Les génomes assemblés d'A. nasatum et d'A. vulgare représentent aussi une véritable opportunité pour caractériser génétiquement l'un des événements écologiques majeurs de l'histoire du Vivant, à savoir une transition du milieu marin vers le milieu terrestre. En effet, l'adaptation à un environnement terrestre nécessite des innovations à la fois morphologiques et physiologiques, telles que réduire la dépendance à l'eau ou encore résister aux plus fortes variations physicochimiques de l'environnement (Selden & Edwards, 1989). L'ordre des isopodes, qui contient à la fois des espèces aquatiques et terrestres, représente donc un modèle important pour comprendre les mécanismes impliqués dans ce processus de sortie des eaux (Broly et al., 2013). Si les adaptations physiologiques

et morphologiques à la vie terrestre ont été largement étudiées chez les cloportes (Warburg, 1993; Hornung, 2011), ces adaptations n'ont jamais pu être caractérisées génétiquement. De plus, les isopodes terrestres présentent une vaste gradation des adaptations (cuticule perméable, structure des pléopodes, comportements d'agrégation) permettant d'étudier les mécanismes de terrestrialisation (Vandel, 1943; Hornung, 2011; Broly et al., 2013). Ainsi l'apport de ces deux génomes constitue là encore une véritable opportunité de caractériser les gènes potentiellement impliqués dans les processus de terrestrialisation. Une première piste serait par exemple d'étudier le répertoire de gènes liés aux récepteurs olfactifs au sein des crustacés aquatiques et terrestres. En effet, la terrestrialisation est associée avec de profonds changements de gènes impliqués dans la synthèse des récepteurs olfactifs, car les molécules olfactives hydrosolubles et aériennes diffèrent fortement et ne peuvent être liées efficacement aux mêmes récepteurs (Niimura & Nei, 2005; Niimura, 2009; Vieira & Rozas, 2011; Lozano-Fernandez et al., 2016).

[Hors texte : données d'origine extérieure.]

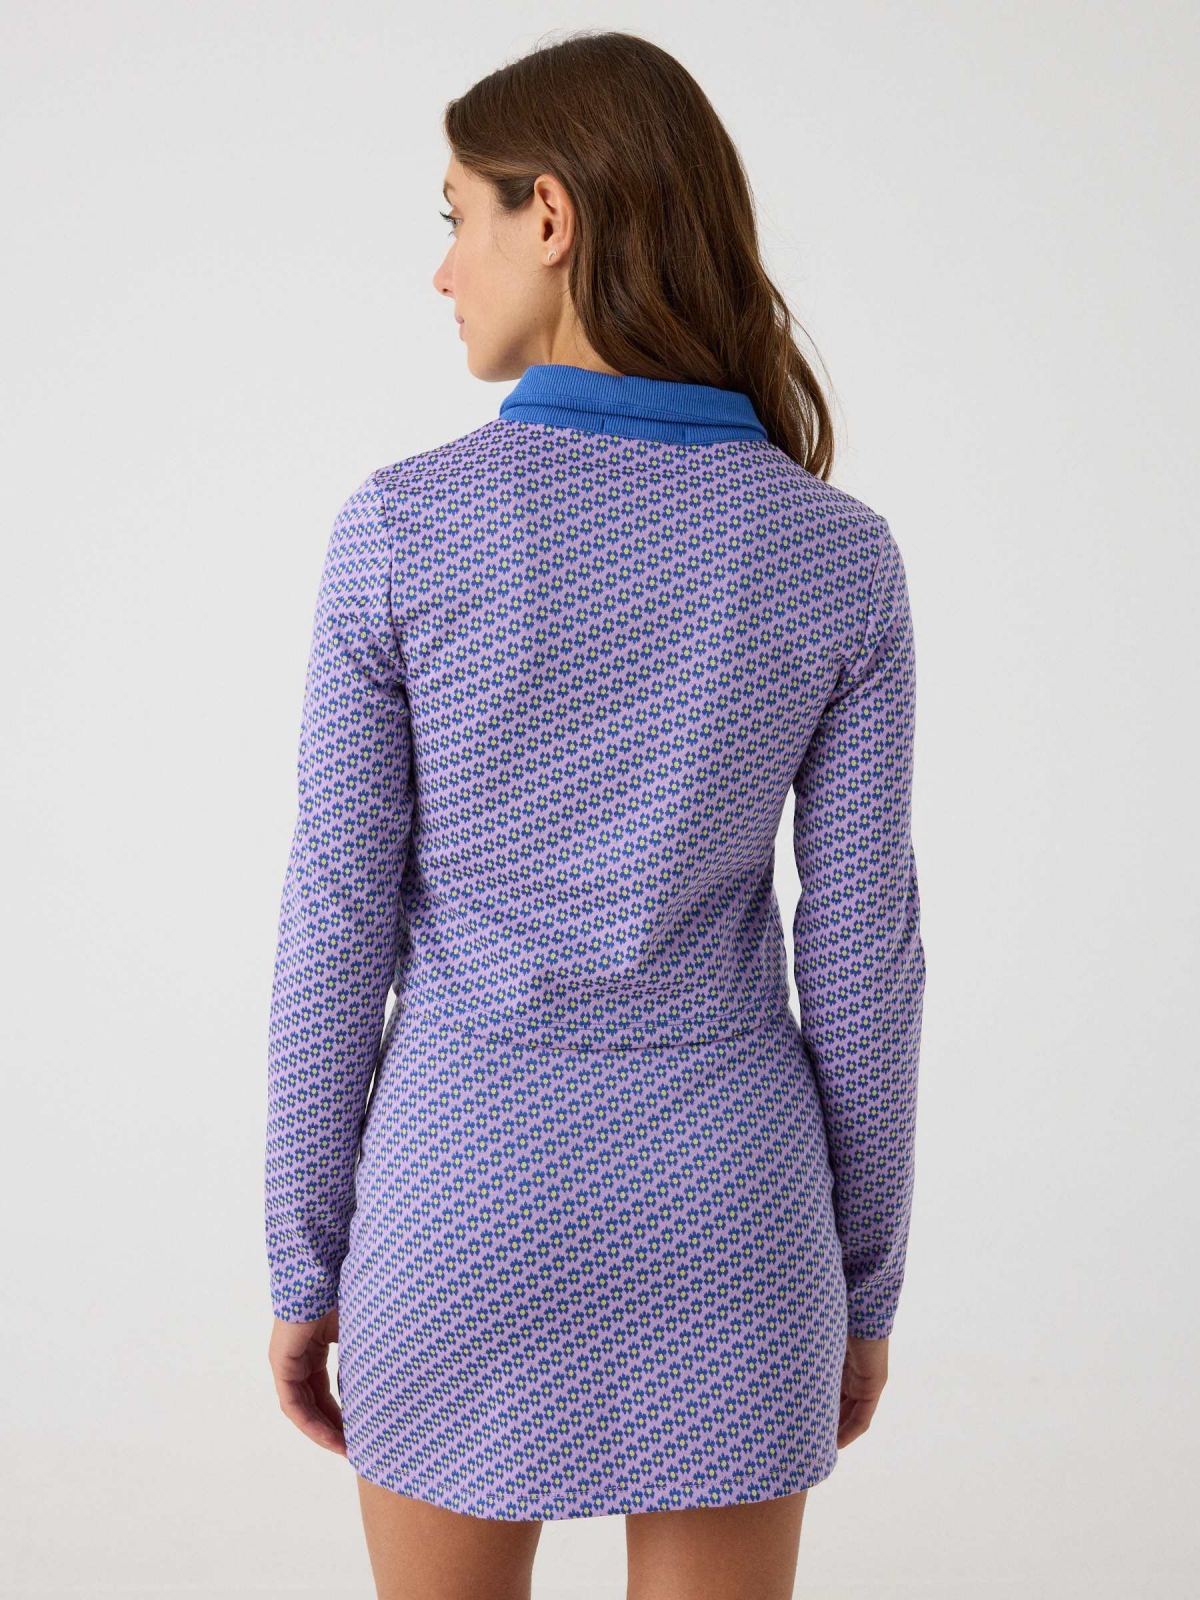 Mini jacquard skirt purple middle back view

Enfin, ces données constituent aussi une base pour l'étude d'un autre aspect important de la biologie évolutive, à savoir l'évolution des mécanismes de déterminisme du sexe. Chez ces deux espèces, le sexe est déterminé par la présence de chromosomes sexuels. Ainsi, A. nasatum est connu pour être une espèce à hétérogamétie mâle (Juchault & Legrand, 1979) tandis qu'A. vulgare est une espèce à hétérogamétie femelle (Juchault & Legrand, 1972). Ces ressources génomiques ont donc servi de base pour l'étude à l'échelle moléculaire des mécanismes impliqués dans les transitions de système d'hétérogamétie, ce qui fait l'objet du chapitre suivant.